(Recorded information):
▼
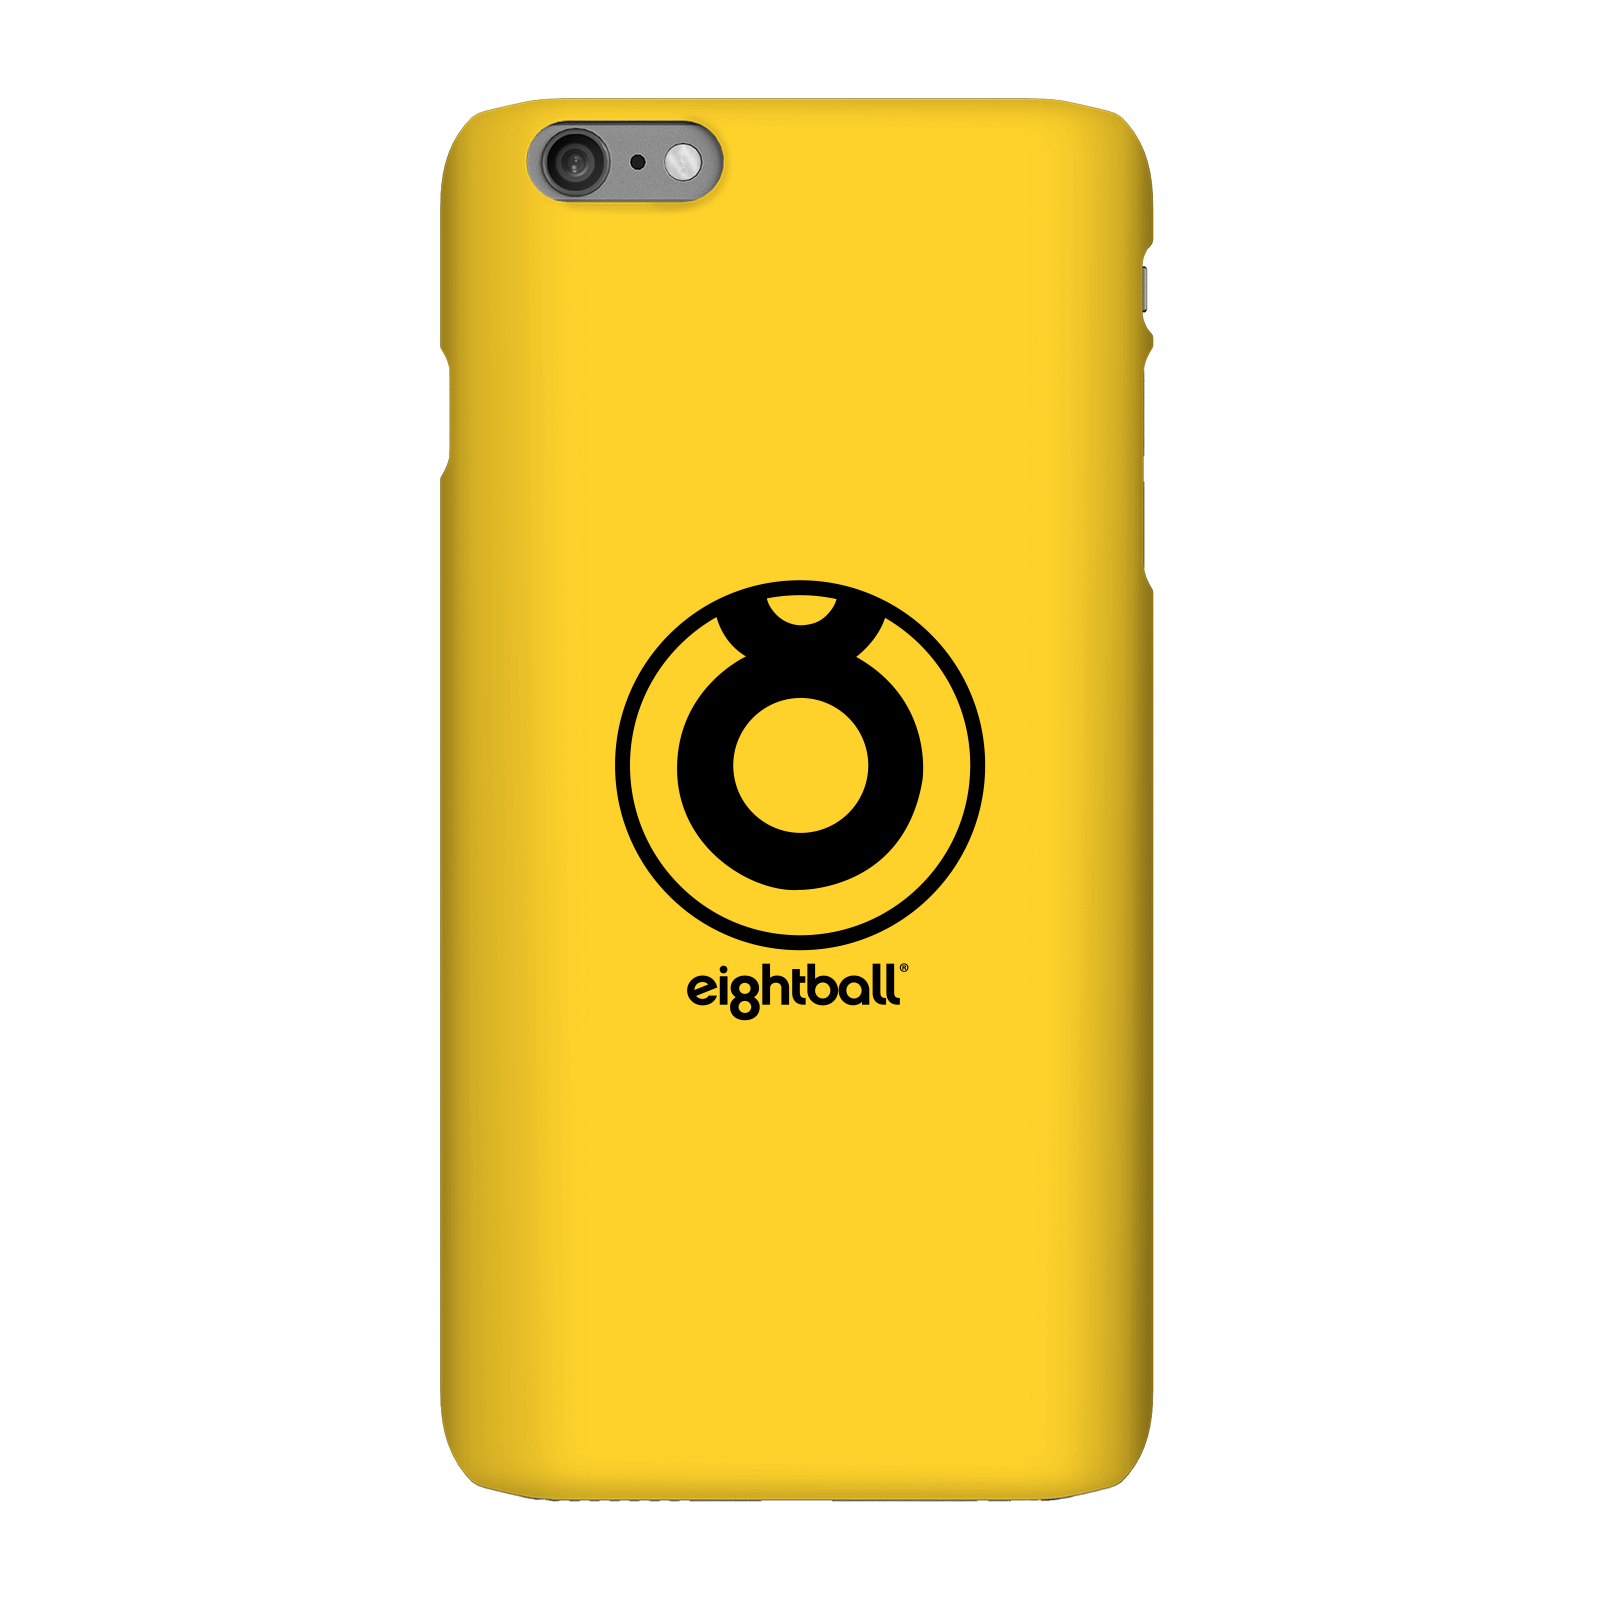 Funda Móvil Ei8htball Large Circle Logo para iPhone y Android - iPhone 6 Plus - Carcasa rígida - Mate
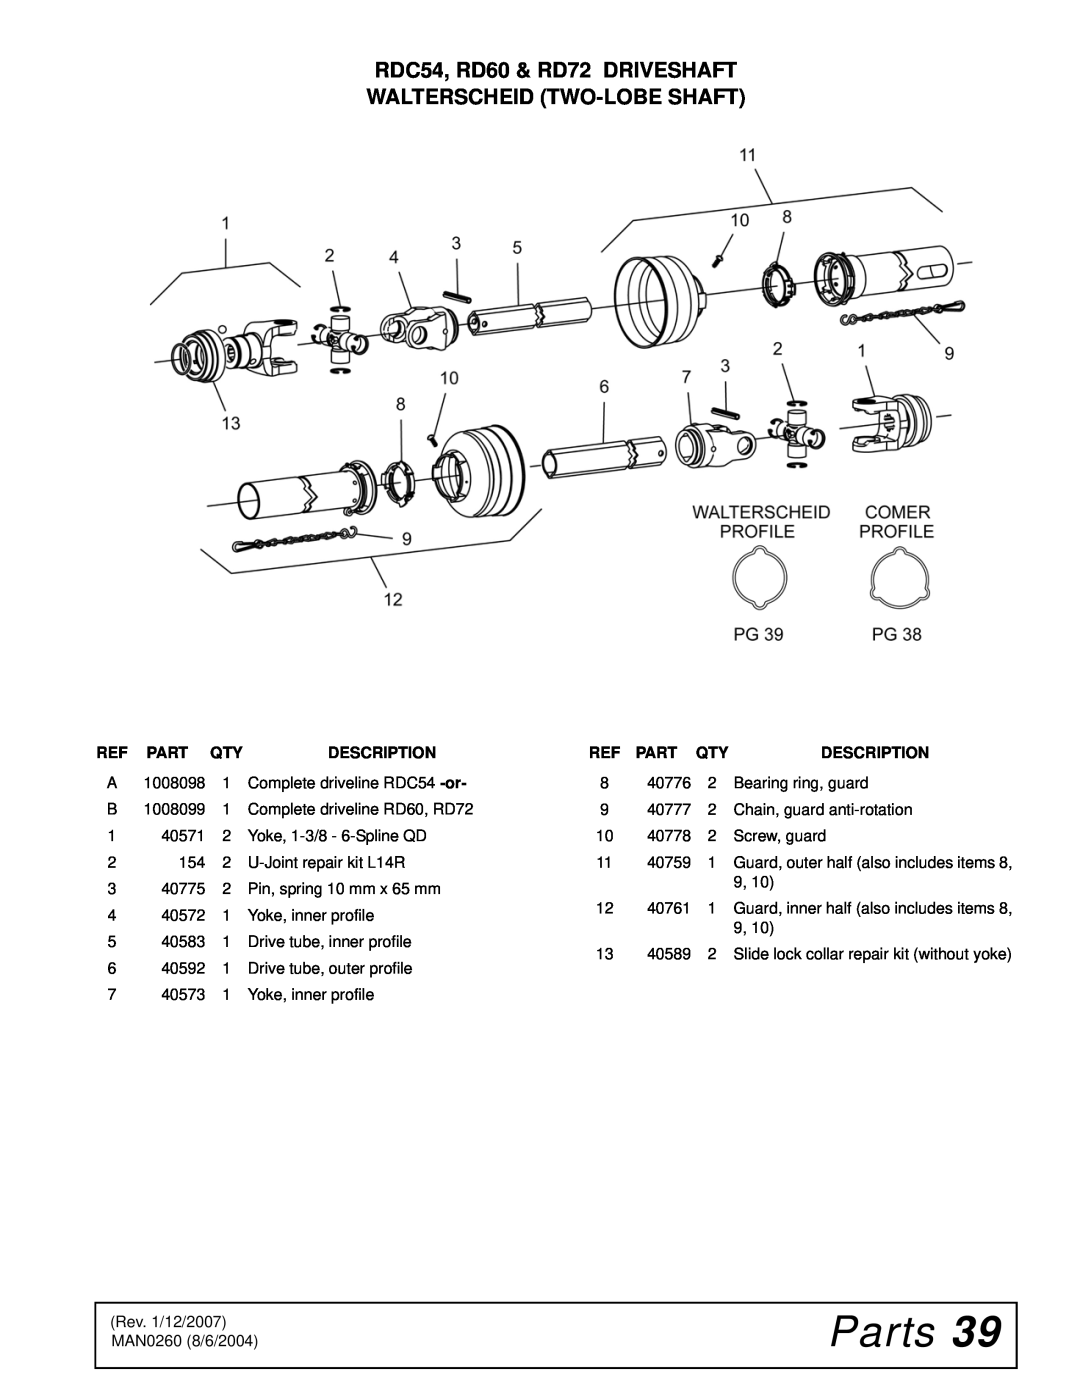 Woods Equipment RDC54, RD72, RD60 manual Parts, Description, 40776, Bearing ring, guard 
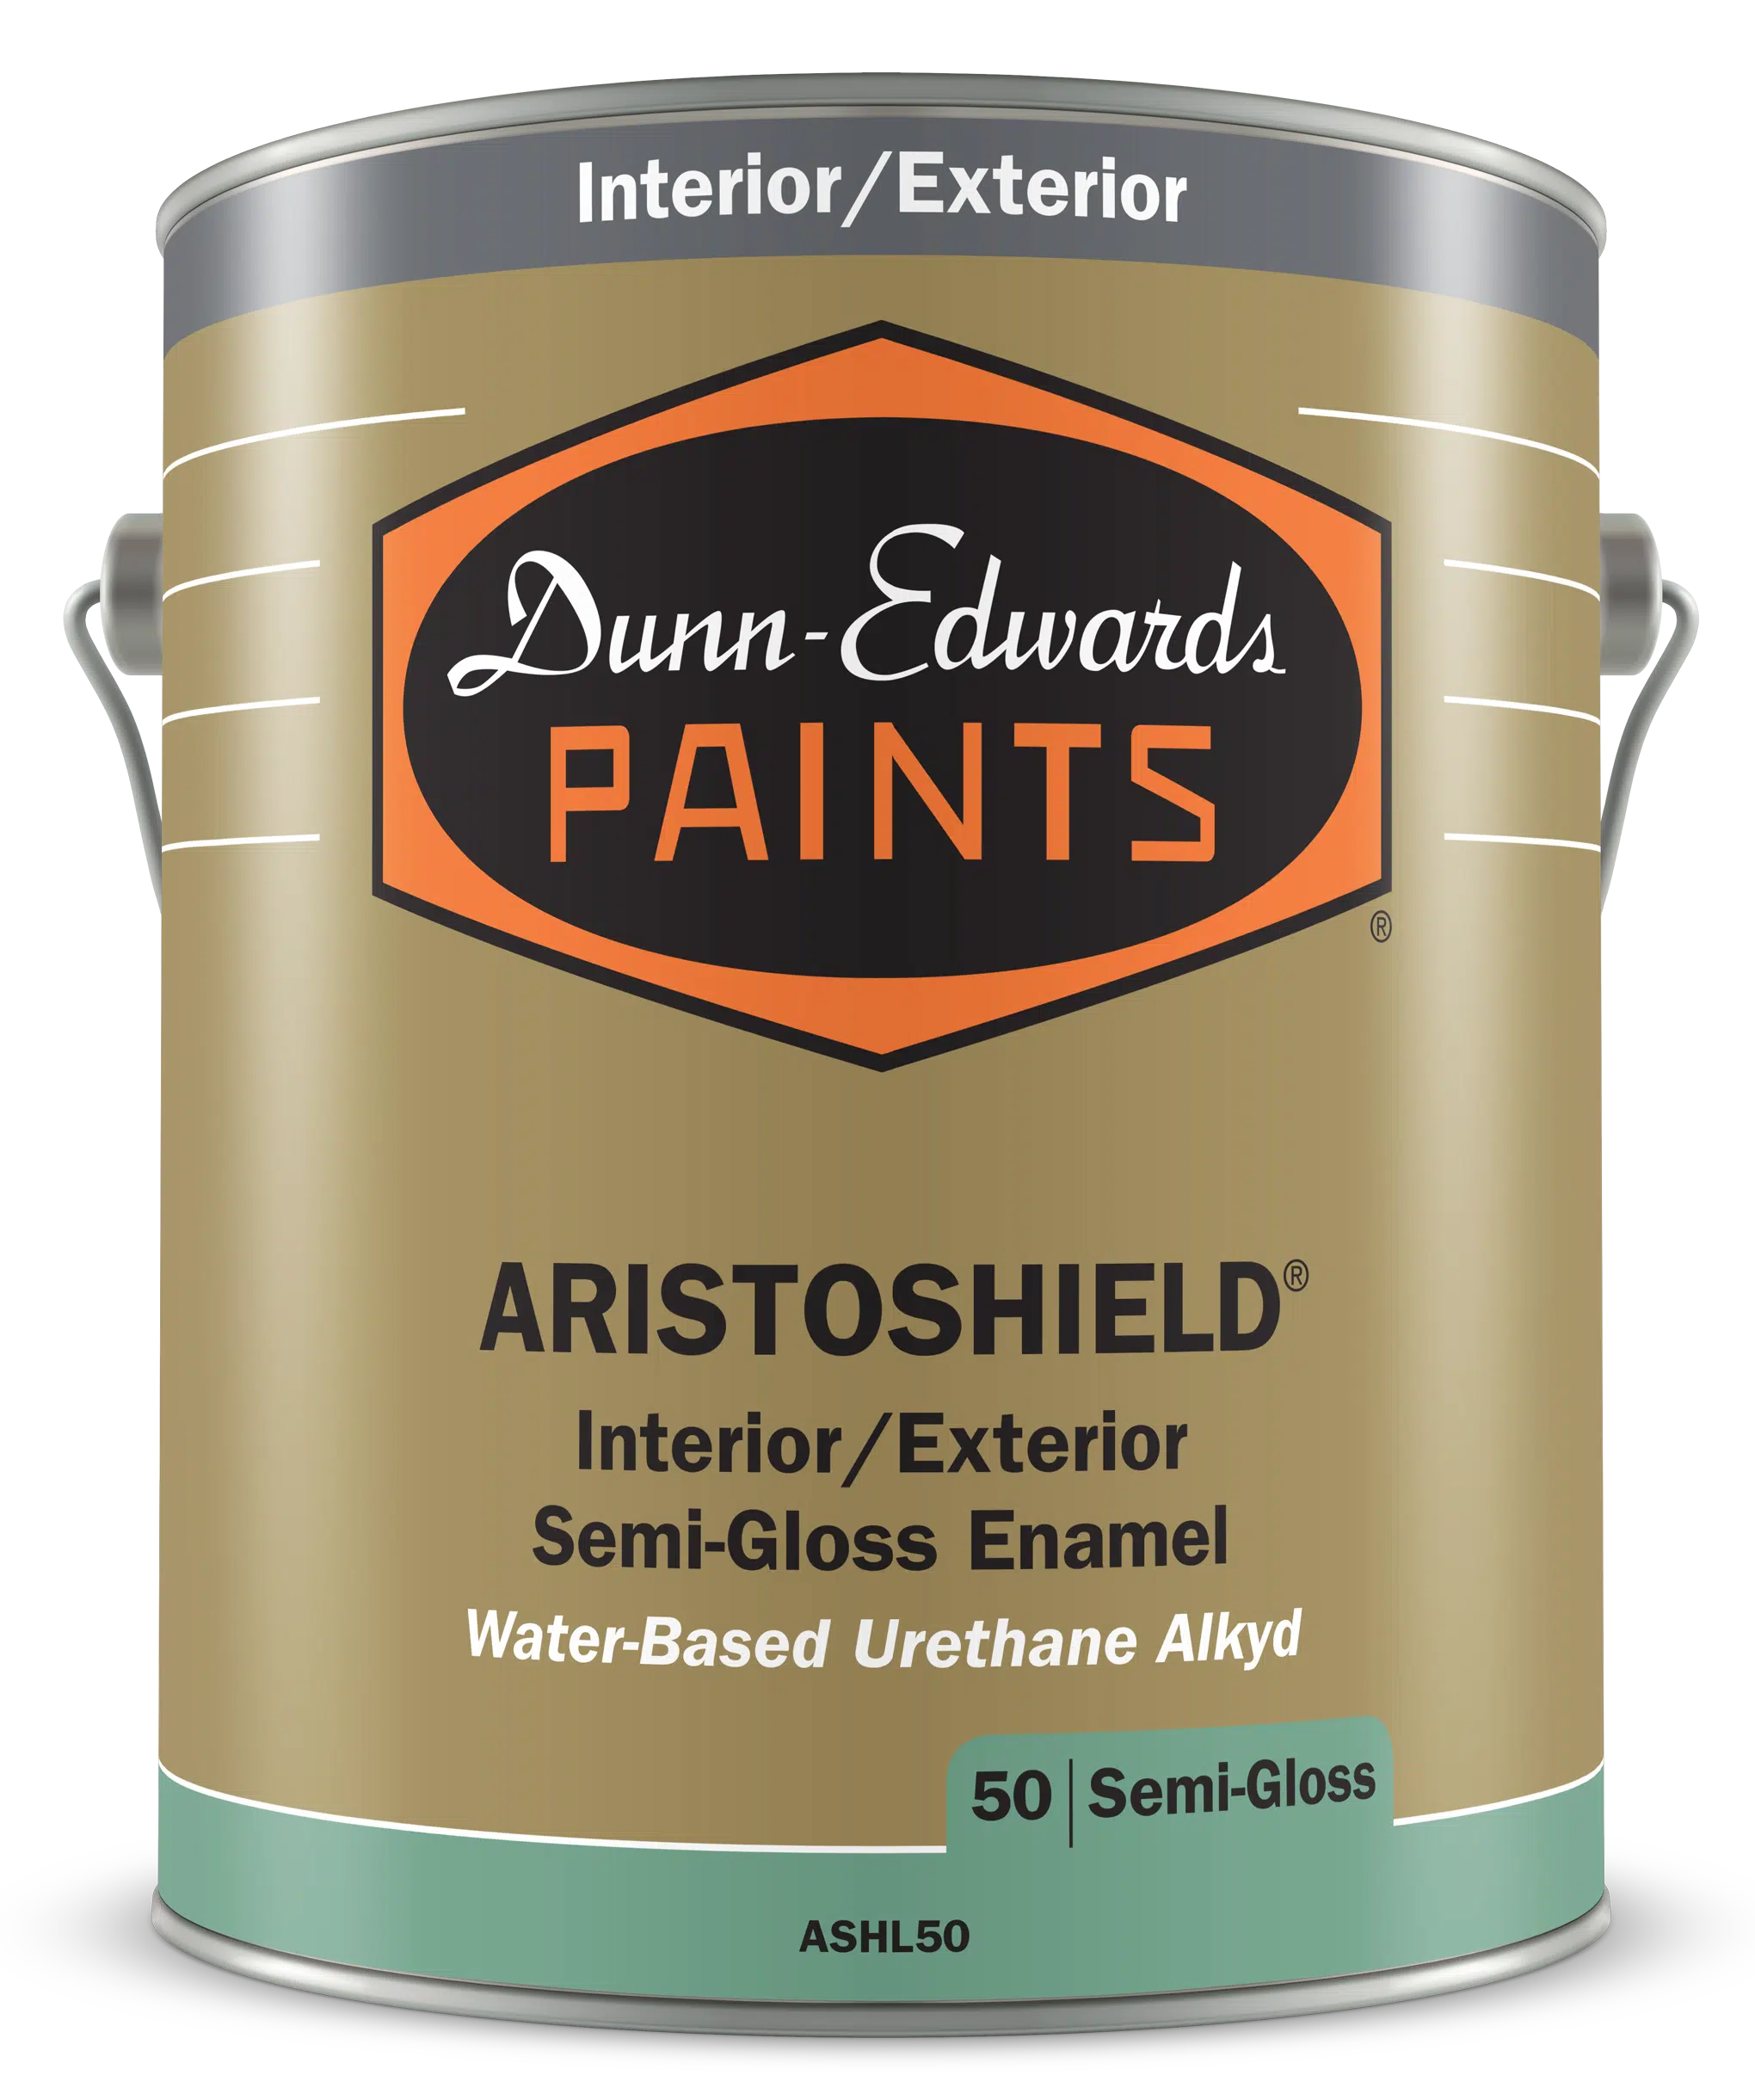 ARISTOSHIELD Interior/Exterior Semi-Gloss Paint Can
▲
(Your goal):
Restate the data above word for word, omitting every picture.

(Exercise response):
 Funda Móvil Ei8htball Large Circle Logo para iPhone y Android - iPhone 6 Plus - Carcasa rígida - Mate
 Woods Equipment RDC54, RD72, RD60 manual Parts, Description, 40776, Bearing ring, guard 
 ARISTOSHIELD Interior/Exterior Semi-Gloss Paint Can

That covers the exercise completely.